Preferably, the assay method in step S4 is performed by ultra-high performance liquid chromatography and mixed quadrupole-rail mass spectrometry using a Waters HSS T3 (2.1 mm×100mm,1.8 μm) hydrophilic chromatography column.

Preferably, specific detection conditions are:

sample injection amount: 1 μl; acquisition mode: full ms+prm;

mobile phase: phase a is 0.1% formic acid-water solution by volume fraction; phase B is formic acid-acetonitrile solution with volume fraction of 0.1%;

elution flow rate: 0.3mL/min;

elution gradient: 1% B,0min;1% B,0-1.5min;99% B,1.5-16.5min;1% B,16.6-20.0min.

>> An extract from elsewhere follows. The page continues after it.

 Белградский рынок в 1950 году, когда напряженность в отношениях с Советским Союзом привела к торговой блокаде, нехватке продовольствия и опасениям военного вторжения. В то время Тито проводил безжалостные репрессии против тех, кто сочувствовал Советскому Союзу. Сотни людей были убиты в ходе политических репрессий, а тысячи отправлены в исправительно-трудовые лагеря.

Preferably, the preparation method of the mixed internal standard working solution in step S1 includes: acrylamide-d is selected ₃ And 2-amino-3, 4, 8-trimethylimidazo [4,5-f]Quinoxaline-d ₃ (4,8-DiMeIQx-d ₃ ) As internal standard, mixed internal standard working solution with the final concentration of 1-2 mug/mL is prepared respectively.

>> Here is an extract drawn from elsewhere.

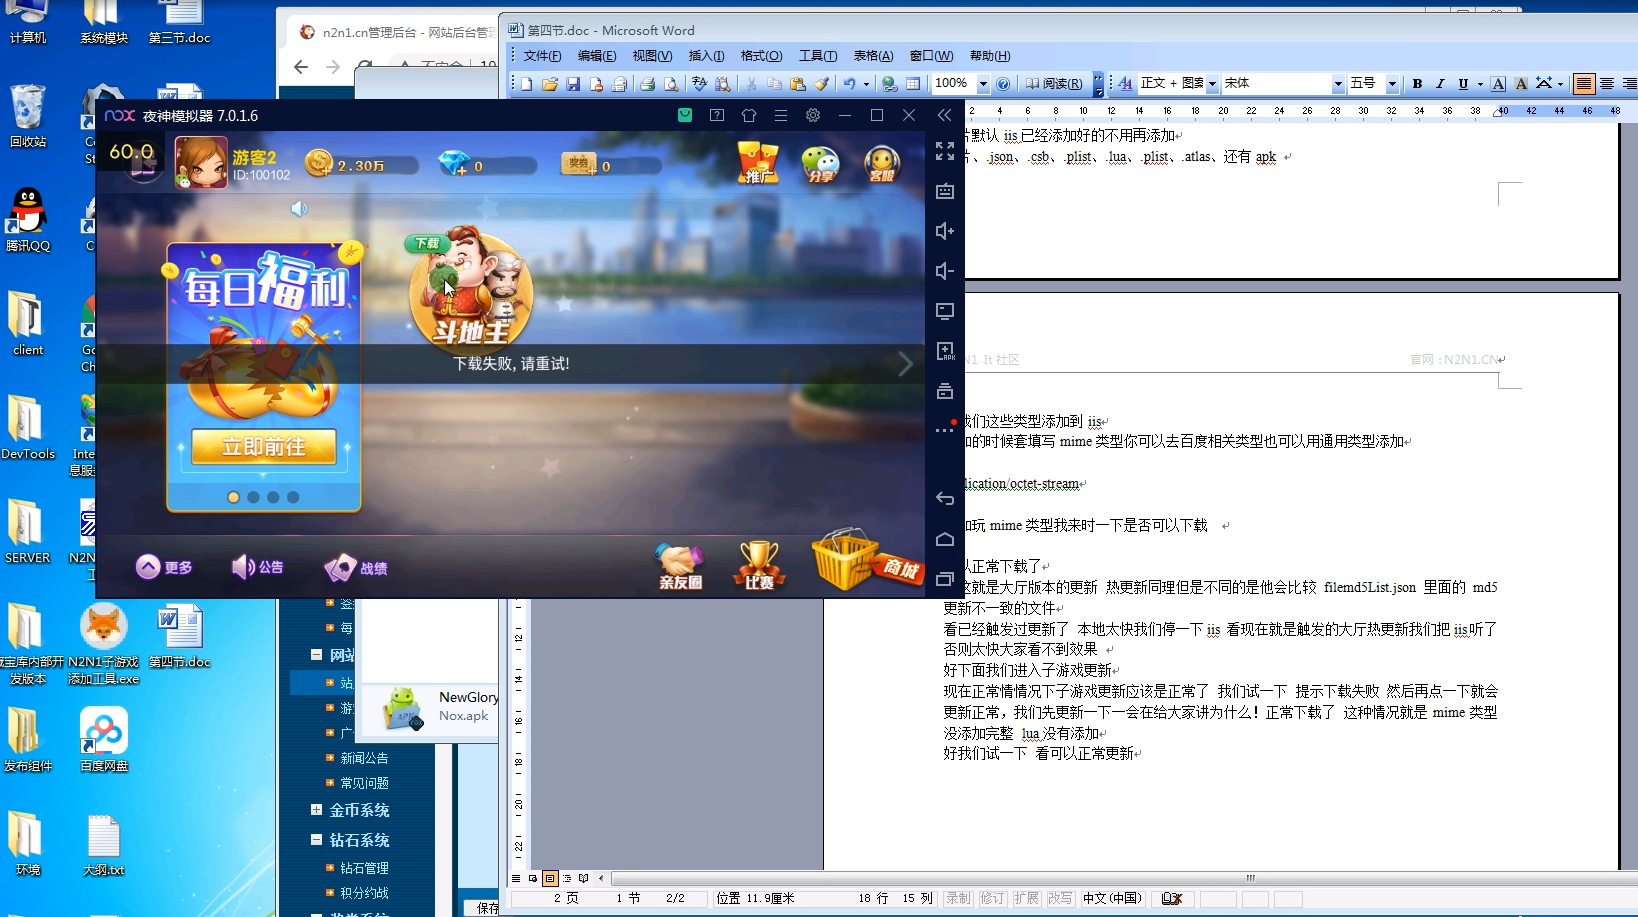 网狐旗舰从0开始第4节版本大厅子游戏热更新详细配置教程插图

Preferably, the drying method in step S3 is as follows: nitrogen drying at room temperature until the liquid had evaporated.

Preferably, the preparation method of the standard sample in step S4 is as follows: acrylamide, 5-hydroxymethylfurfural, 2-amino-1, 6-dimethylimidazo [4,5-b ] pyridine (DMIP), 2-amino-1, 5, 6-trimethylimidazo [4,5-b ] pyridine (1, 5, 6-TMIP), 2-amino-1-methyl-6-phenylimidazo [4,5-b ] pyridine (PhIP), 2-amino-3-methylimidazo [4,5-f ] quinoline (IQ), 2-amino-1-methylimidazo [4,5-b ] quinine (IQ [4,5-b ]), 2-amino-3, 4-dimethylimidazo [4,5-f ] quinoline (MeIQ), 2-amino-3-methylimidazo [4,5-f ] quinoxaline (IQx), 2-amino-3, 8-dimethylimidazo [4,5-f ] quinoxaline (8-MeIQx), 2-amino-3, 7, 8-trimethylimidazo [4,5-f ] quinoline (IQ), 2-amino-3, 5-f ] quinoxaline (MeIQx), 2-amino-3, 5-f ] quinoline (MeIQ) and 2-amino-3-methylimidazo [4,5-f ] quinoxaline (MeIQ), 9H-pyrido [3,4-b ] indole (Norharman) and 1-methyl-9H-pyrido [3,4-b ] indole (Harman) are used as standard substances to prepare working solutions with concentrations of 0.10,1.00,10.00,20.00,50.00,100.00,200.00 and 500.00ng/mL respectively, wherein the final concentration of an internal standard in each concentration standard substance is 100-200ng/mL.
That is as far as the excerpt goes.